Cobalamins are a family of molecules with different ligands at the exchangeable axial coordination bond of cobalt and with different levels of cobalt oxidation. Vitamin B12 is a general term that refers to the nutrient forms of cobalamin. Cobalt in nutrient cobalamins is usually oxidized to Co(III)alamin and its axial bond is ligated to cyanide, water or a hydroxyl group. Cyanocobalamin is produced during commercial manufacturing. In vivo, the formation of cyanocobalamin may actually be a mechanism for defense against cyanide poisoning. Inside the cell, these ligands are replaced by glutathione or removed with the reduction of cobalt to Co(II)alamin and Co(I)alamin. Co(II)alamin and Co(I)alamin forms of cobalamin are the precursors of the coenzymes methylcob(III)alamin and 5’adenosyl(III)cobalamin, respectively.

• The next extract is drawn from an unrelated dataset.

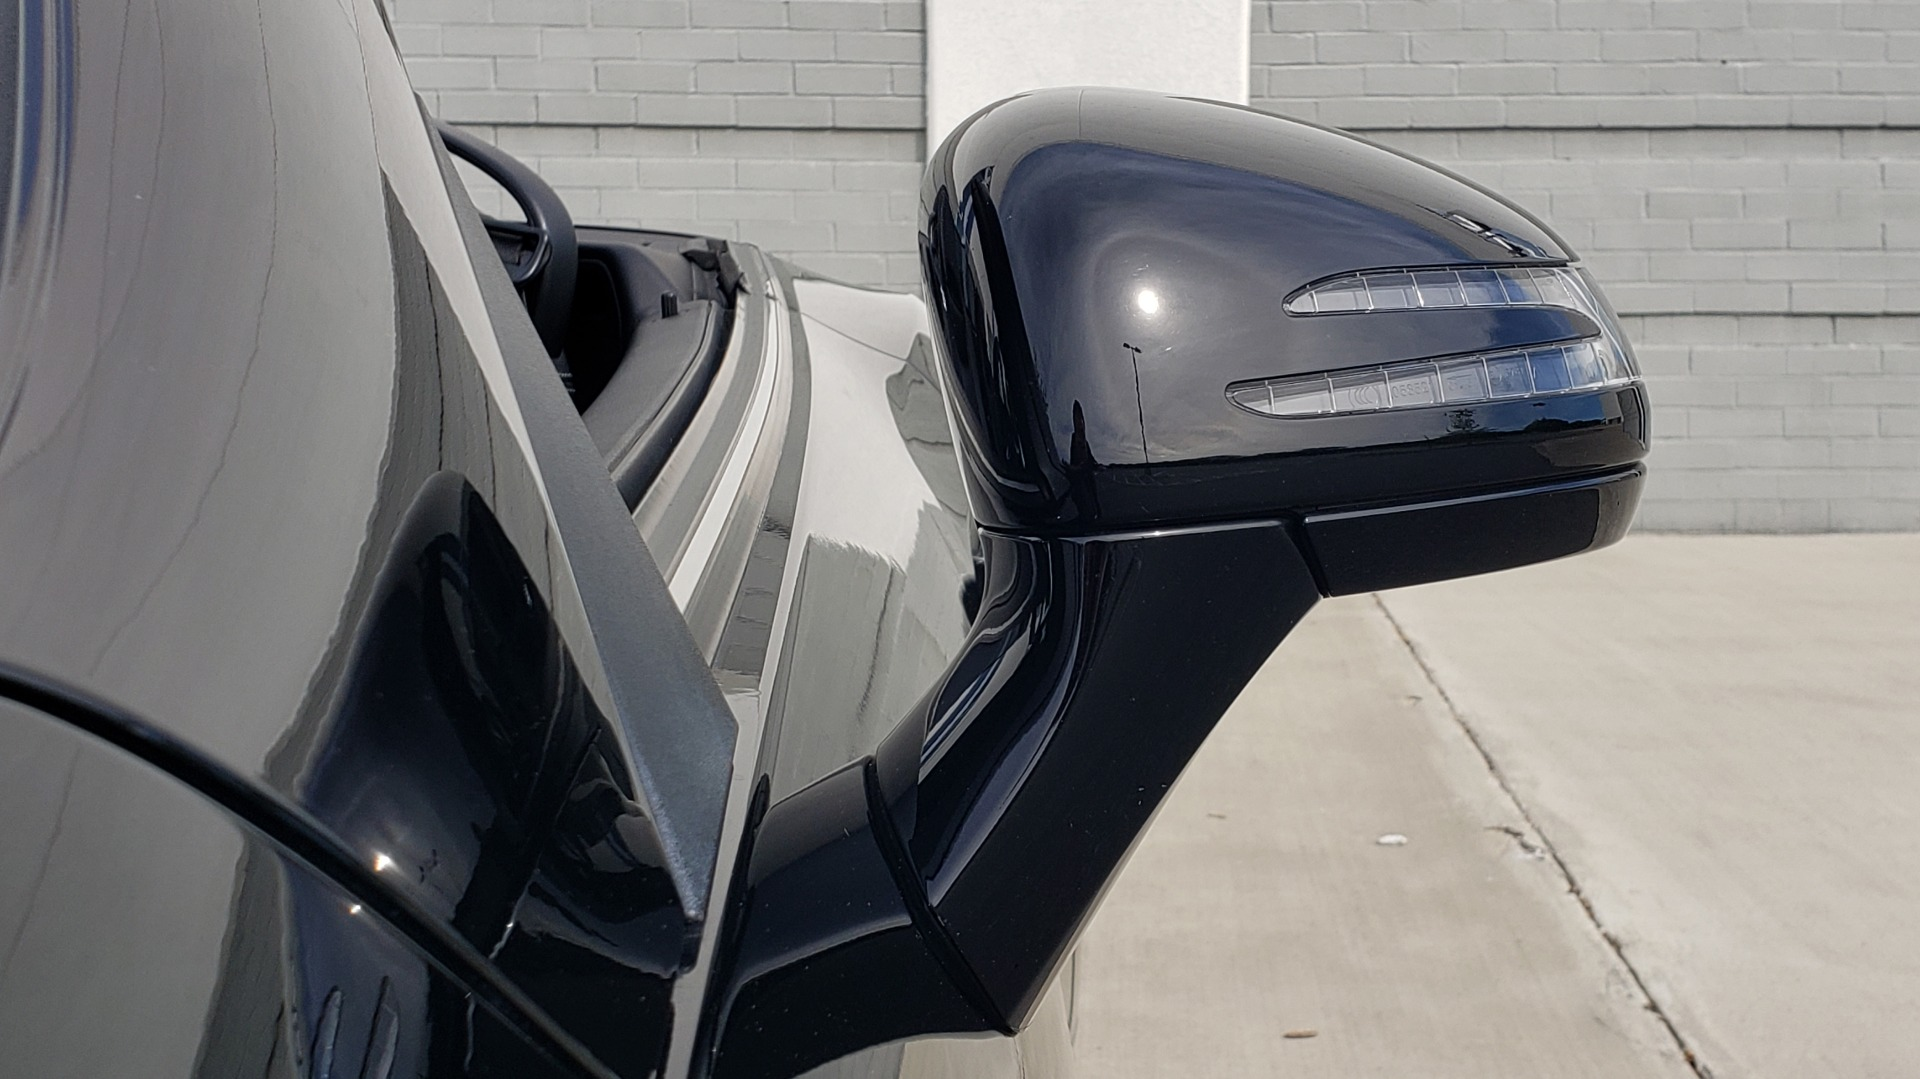 Used 2012 Mercedes-Benz SLK-CLASS SLK 250 ROADSTER / PREM 1 PKG / COMAND LAUNCH PKG / 7-SPD AUTO for sale $24,995 at Formula Imports in Charlotte NC 28227 47

Serum Vitamin B12 is highly unstable and that it should be protected from light and kept frozen. Cyanocobalamin is often used to supplement media. It has a maximal stability at pH = 7, but is photolysed to hydroxocobalamin with a zero-order rate constant. Hydroxocobalamin may be converted to sulfitocobalamin in the presence of sulfur dioxide or other sulfites. Hydroxocobalamin can convert to ammoniacobalamin if ammonia is present. In aqueous oxygenated systems, Cbl(III)alamin rapidly and spontaneously forms the stable complex superoxocobalamin, Cbl(III)-O2-. Superoxocobalamin reacts with nitric oxide, NO, with the possible formation of peroxynitrite, OONO-, a precursor of free radicals and nitrous oxide. Low μM concentrations of NO-Cbl can induce apoptosis, especially in rapidly dividing cells. Nitrous oxide (N20) can inhibit the cobalamin enzyme methionine synthase. Nitrite, NO2, binds to Cbl(III) and Cbl(II).
The in vitro chemistry of cobalamin is very complex and the potential is high for cobalamin to become inactive and/or participate in chemical reactions. It can participate in a wide range of radical redox reaction with oxygen, nitrogen and sulfur molecules and many of these reactions can generate toxic species.